AI created his first movie and this is a horror movie.



    Artificial intelligence under the guidance of an engineer from Google independently made the first motion picture. He didn’t just put parts of other people's films with each other, or gave out letters of the script, but created a full-fledged short film. He wrote the plot himself, wrote all the dialogues himself, chose scenes himself and defined the facial expressions of the actors (and even, apparently, he wrote the title for the newspaper shown in the film - although it turned out so ironic that it is difficult to believe). The voice of the characters, music and installation - of course, also for the AI. But the resulting black and white science fiction does not seem cute.


    In the new short film Zone Out, the star of the series “Silicon Valley”, Thomas Middleditch, plays a scientist who is trying to stop the spread of a virus that changes people's faces. His own face cannot keep himself in a normal position, shivering back and forth on his head. The mouth sometimes disappears completely. His film colleague, actress Elizabeth Gray, is no better. For example, someone else's mustache sometimes appears above her lips. Looks pretty creepy. It seems that they can not be saved.

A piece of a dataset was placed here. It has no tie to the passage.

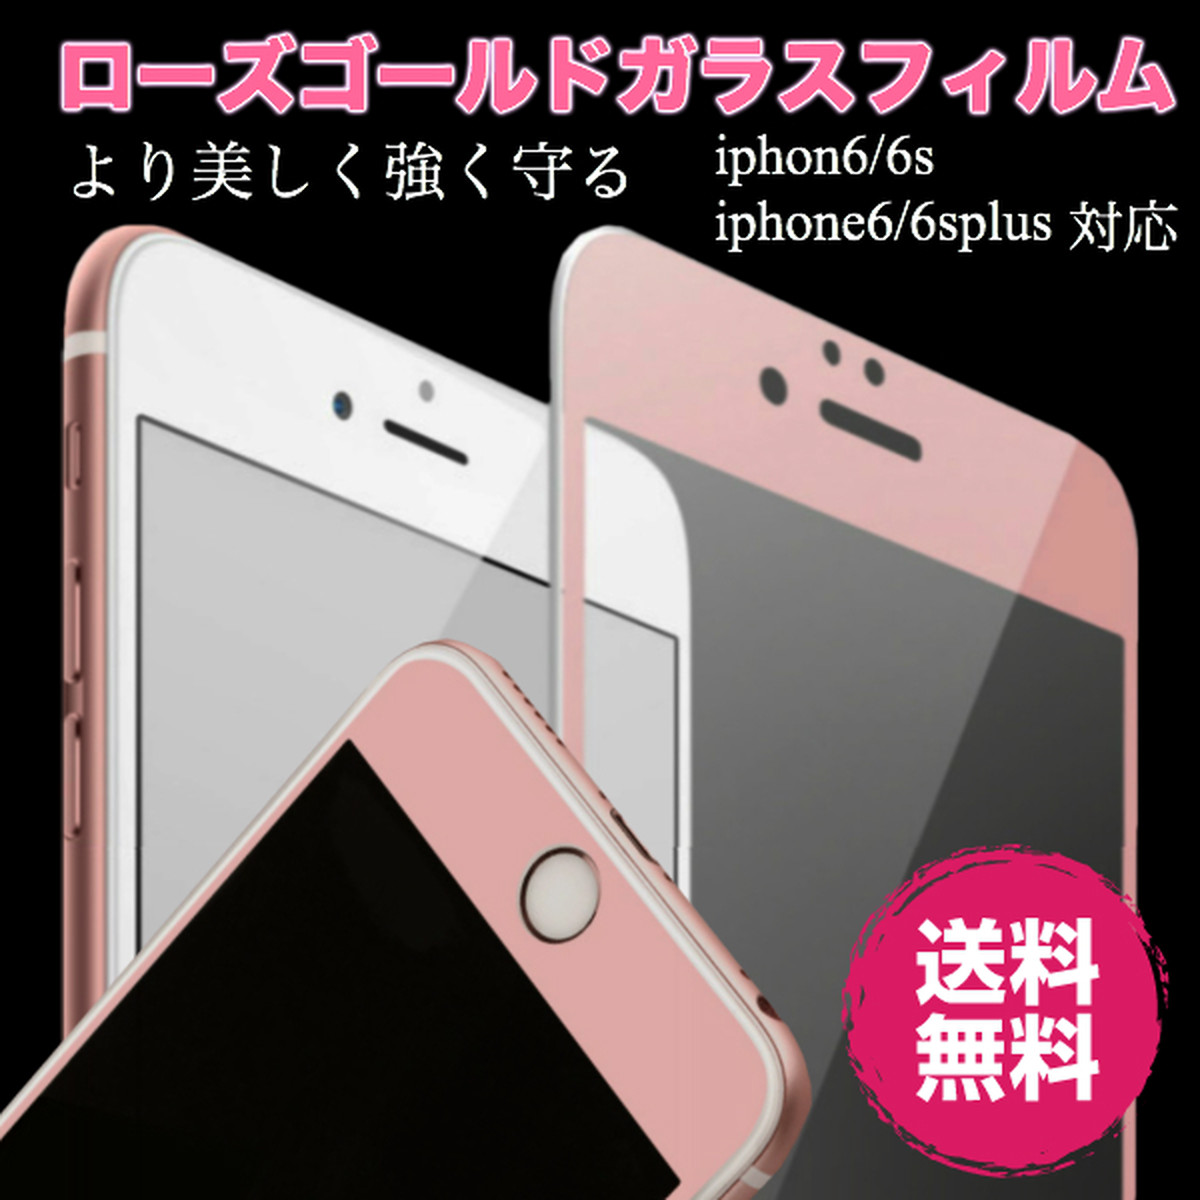 送料無料 強化 保護フィルム ピンク ゴールド 硬度9h Iphone6 6plus Iphone7 7plus 大人向けスマホケースショップ アップルライフ

    The director of the film, "Benjamin", is unlikely to explain to you what's what, and what sense he laid into his creation. The fact is that this is AI, artificial intelligence, which made a short film in 48 hours, using thousands of hours of old films, hundreds of thousands of novels and the faces of real actors (with their permission). If it were not for the newspaper headline at the beginning of the second minute, Einstein probably could not have deciphered the plot of the film.



    Frame from the film

    The faces of the actors were superimposed on the necessary scenes, and showed exactly the emotions that AI wanted, thanks to the same technology used to make Deepfakes. We already told about this system, about its really serious danger and about funny (so far) memes in the article " How AI inserts Nicolas Cage into films and making porn with celebrities ." Then andersong prophetically wrote:

    It will be possible before you start watching the movie to put a tick, which actor you want to see as the main character, which one - antagonist. And the next day reconsider with other actors.

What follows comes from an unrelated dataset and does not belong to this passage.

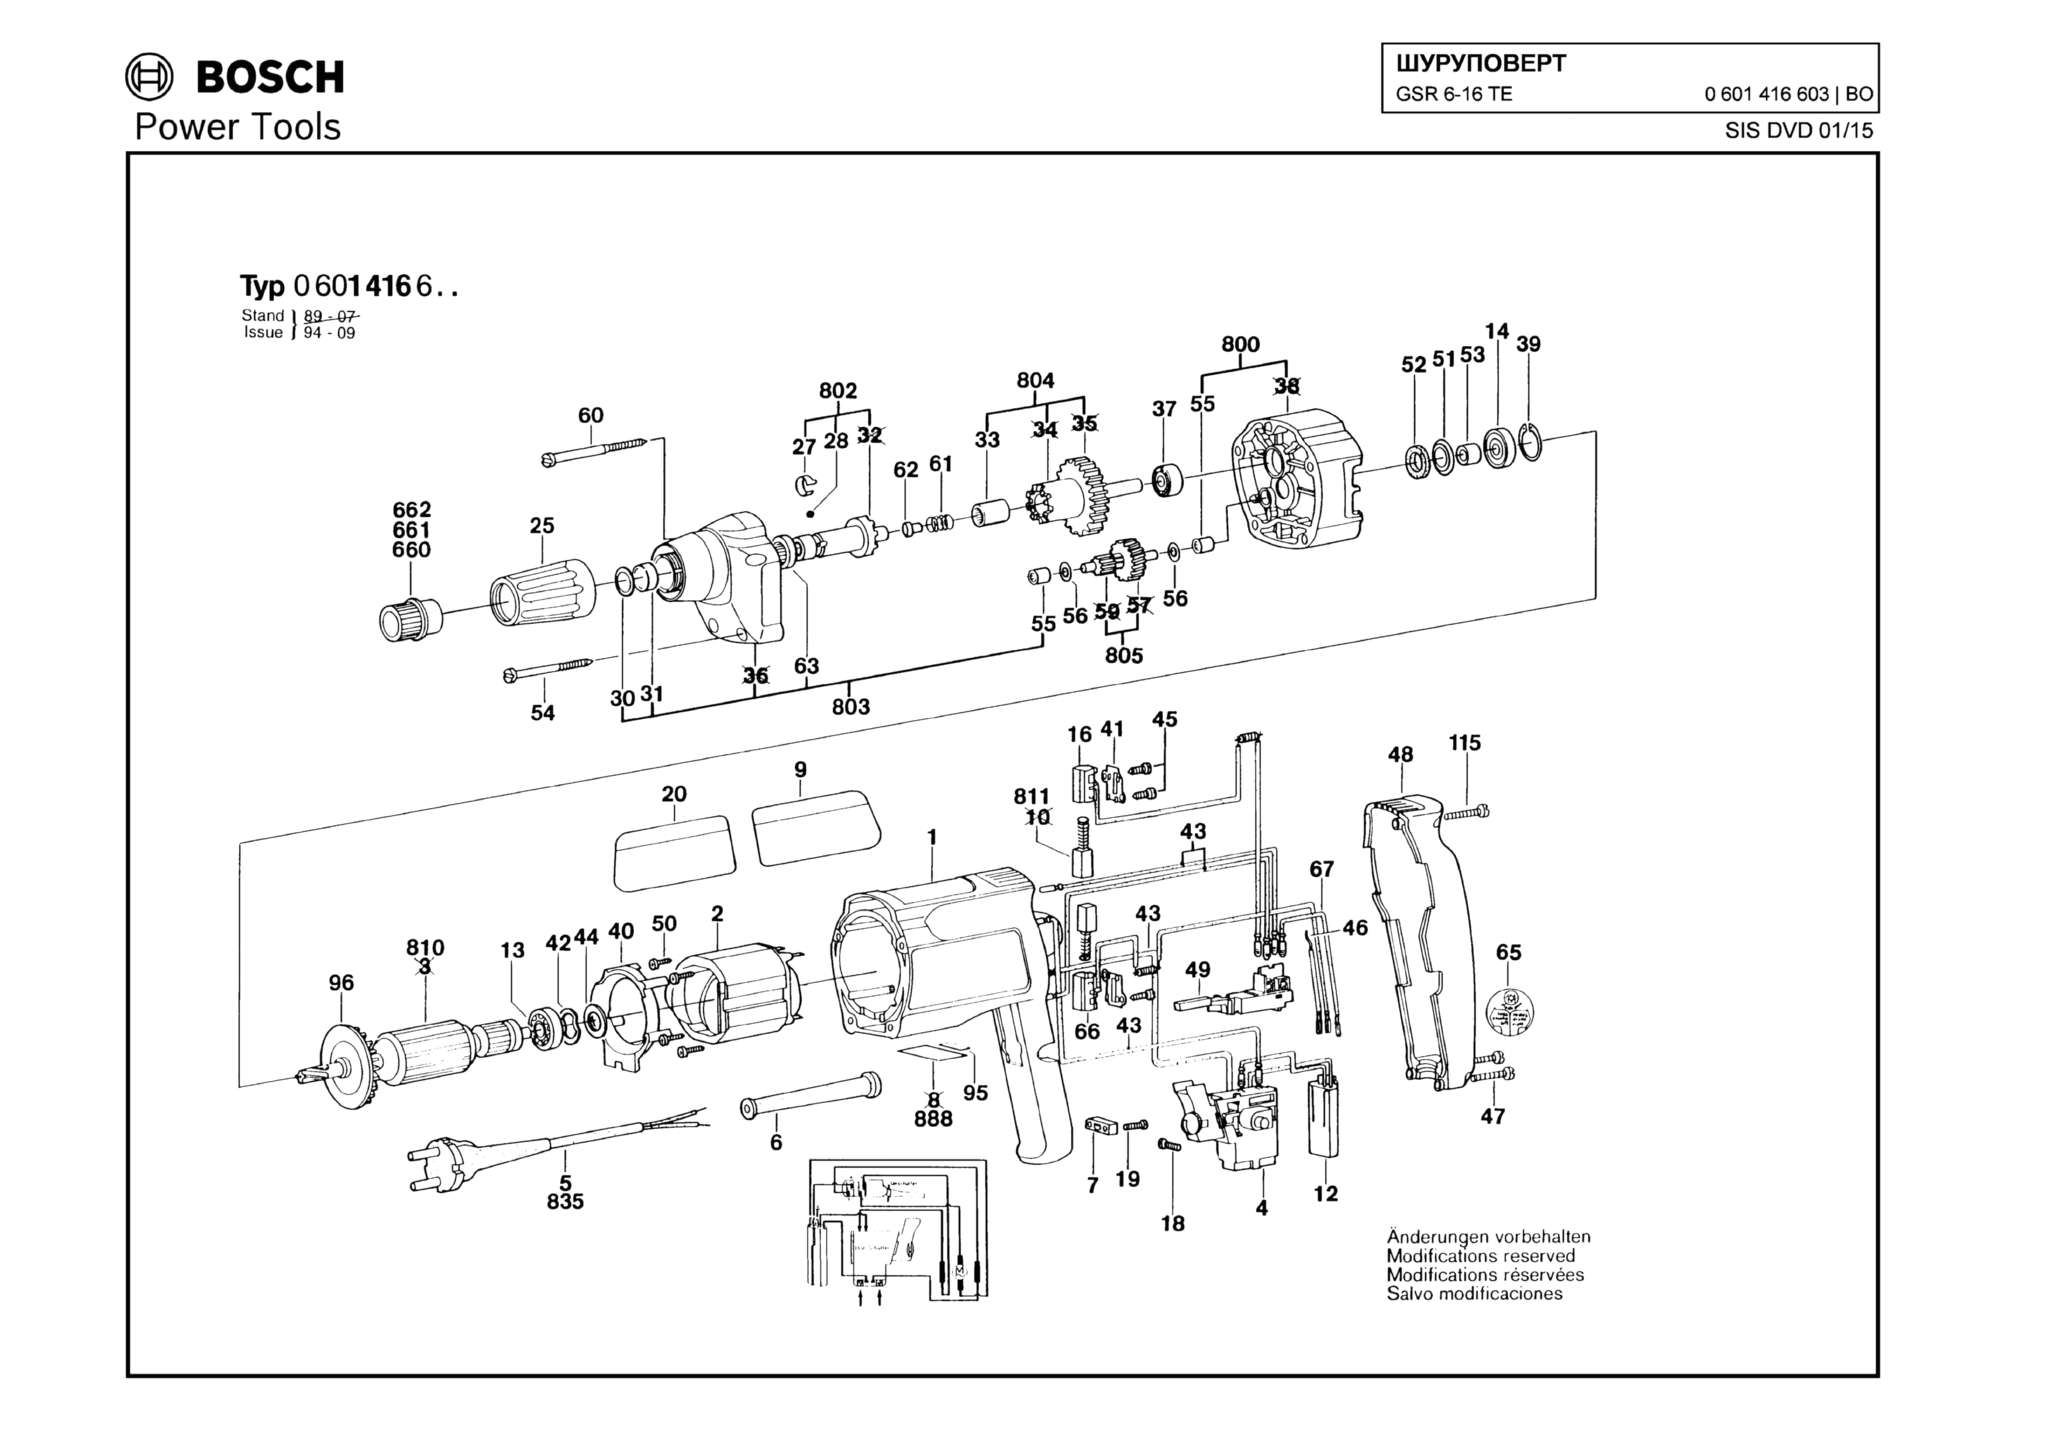 Запчасти, схема и деталировка Bosch GSR 6-16 TE (ТИП 0601416603)

    Benjamin can already do it - he does not care whose faces to use when creating his masterpieces. And the script of the film can also be changed "on the fly": it is enough to feed AI romantic comedies, not sci-fi and noir - and now you will have a completely different product for your target audience. 48 hours.

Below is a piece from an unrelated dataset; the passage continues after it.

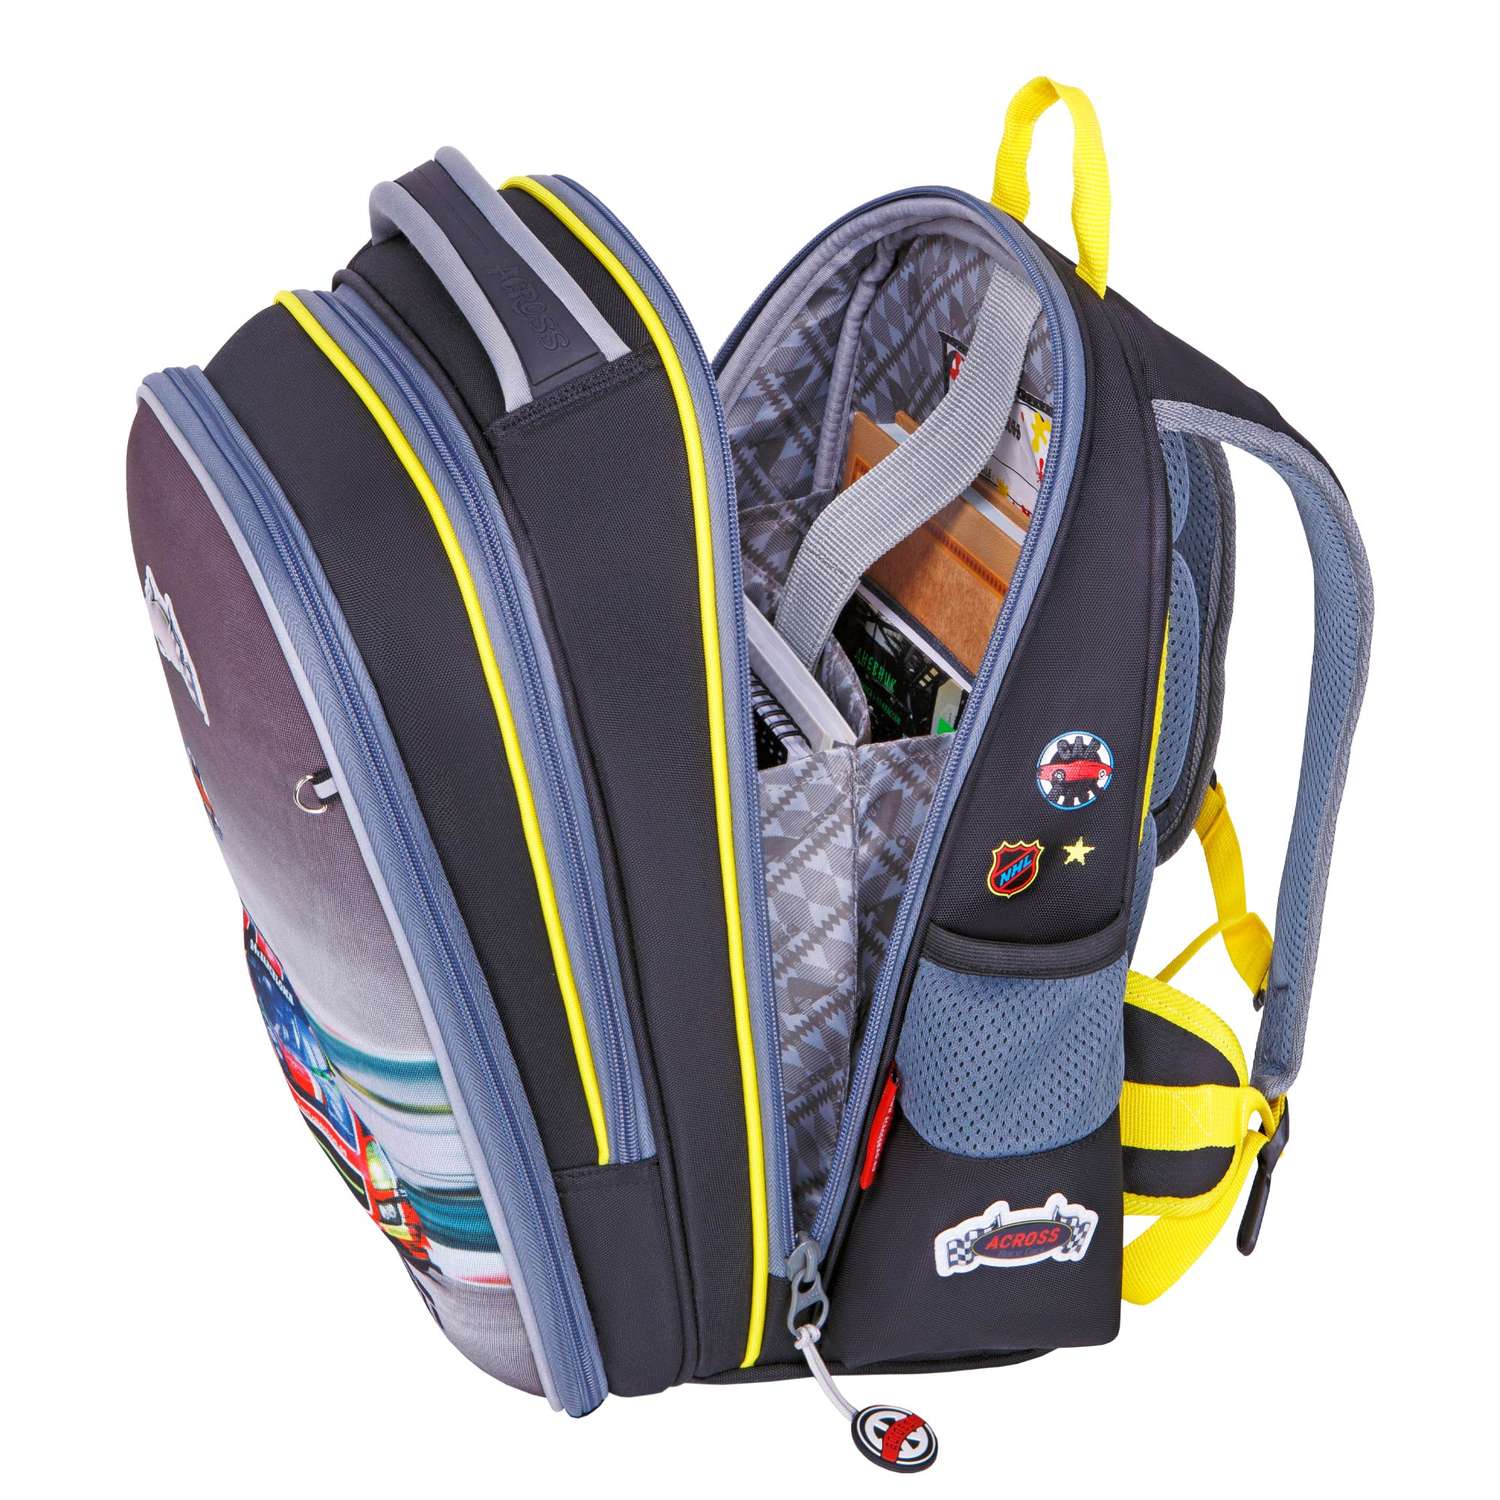 Рюкзак школьный ACROSS с наполнением: мешочек для обуви и брелок - фото 2

    A set of persons for training Benjamin

    Responsible for the project is Ross Goodwin , who develops “creative technologies” and works on machine intelligence at Google. But he is keen on his filming separately from working in an IT company, this is his “passion”. Goodwin helps director Oscar Sharp, a couple of familiar actors and a small team of researchers, collecting for the AI ​​texts in the desired format.


    Together, they notably troll "real" filmmakers - sending Benjamin films to traditional film festivals. Actually, therefore, the production of Zone Out and took 48 hours: this is the requirements of the Sci-Fi London Film Festivalwhere the jury determines the winners, and the first place gets a contract for a full-fledged film. One of the early works of Goodwin, Sharpe and AI, a short film called Sunspring, entered the top 10 (of hundreds of films and short stories) at this festival. And the film It's No Game, for which Benjamin compiled all the dialogues, based on the works of Shakespeare, in 2017 received a bronze medal. If the festival’s requirements were not so harsh, or if the car would have had more powerful iron, perhaps the faces of the heroes of the new film Zone Out would not be so distorted. The team did it on their own, without the help of Google, and Deepfakes technology takes time to create the perfect frame.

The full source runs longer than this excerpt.